Ein Oldtimerbesitzer schilderte der Redaktion, dass er selbst gegen 10.30 Uhr noch problemlos auf das Gelände fahren konnte. Nach seiner Darstellung sei die Zufahrt später gesperrt worden, obwohl auf der Ausstellungsfläche aus seiner Sicht noch ausreichend Platz vorhanden gewesen sei. Weitere Oldtimerfahrer seien daraufhin abgewiesen worden.


Für zusätzlichen Unmut habe gesorgt, dass Fahrzeuge während der laufenden Veranstaltung zeitweise nicht ohne Weiteres vom Gelände fahren konnten. Mehrere Teilnehmer hätten dies kritisiert. Nach Angaben des Einsenders sei sogar die Polizei verständigt worden. Ob diese tatsächlich tätig werden musste, blieb zunächst unklar.


CASNews hat den Sachverhalt bei der Stadt Castrop-Rauxel und dem Veranstalter nachgefragt.


Wie die Stadt mitteilte, wurde der Hollandmarkt von der Forum Castrop-Rauxel Betriebs GmbH veranstaltet.
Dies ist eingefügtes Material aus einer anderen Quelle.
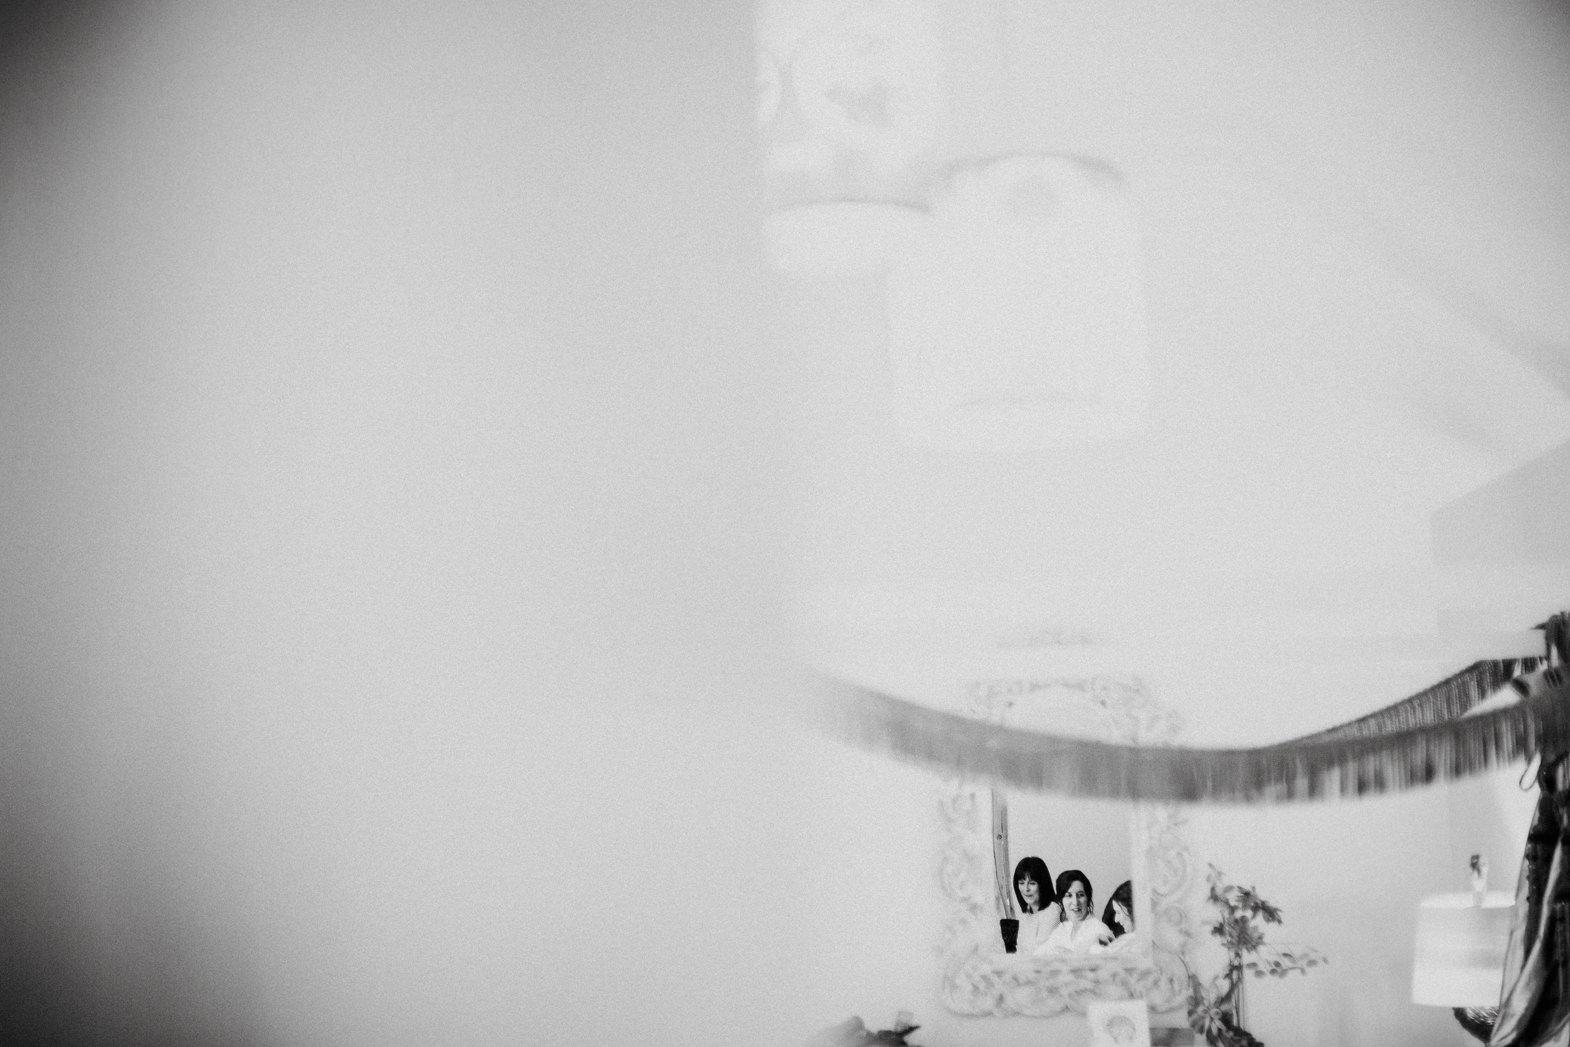 WEDDING PHOTOGRAPHy AT LOWER BARN (20).jpg

Das Oldtimer-Treffen sei organisatorisch davon getrennt gewesen und von Harald Lattner koordiniert worden.


Nach Angaben der Stadt war bereits im Vorfeld kommuniziert worden, dass Oldtimerfahrzeuge nur bis 11 Uhr auf das Veranstaltungsgelände fahren dürfen. Mit Beginn des regulären Veranstaltungsbetriebs sei die Zufahrt aller Fahrzeuge aus Sicherheitsgründen eingestellt worden.


Die Regelung habe dabei nichts mit der noch verfügbaren Platzkapazität zu tun gehabt. Maßgeblich seien vielmehr die Vorgaben des Sicherheitskonzepts gewesen. Dieses sah vor, dass Fahrzeugbewegungen während der Veranstaltung nur kontrolliert und unter Begleitung erfolgen dürfen.


Die Stadt verweist darauf, dass fahrende Fahrzeuge auf Veranstaltungsgeländen mit Besucherverkehr grundsätzlich ein erhöhtes Risiko darstellen. Ziel der Regelungen sei gewesen, Begegnungen zwischen Fahrzeugen und Besucherströmen zu vermeiden. Zudem würden an Veranstaltungen inzwischen regelmäßig Sperren und andere Schutzmaßnahmen eingesetzt, um Besucher vor möglichen Gefahren zu schützen.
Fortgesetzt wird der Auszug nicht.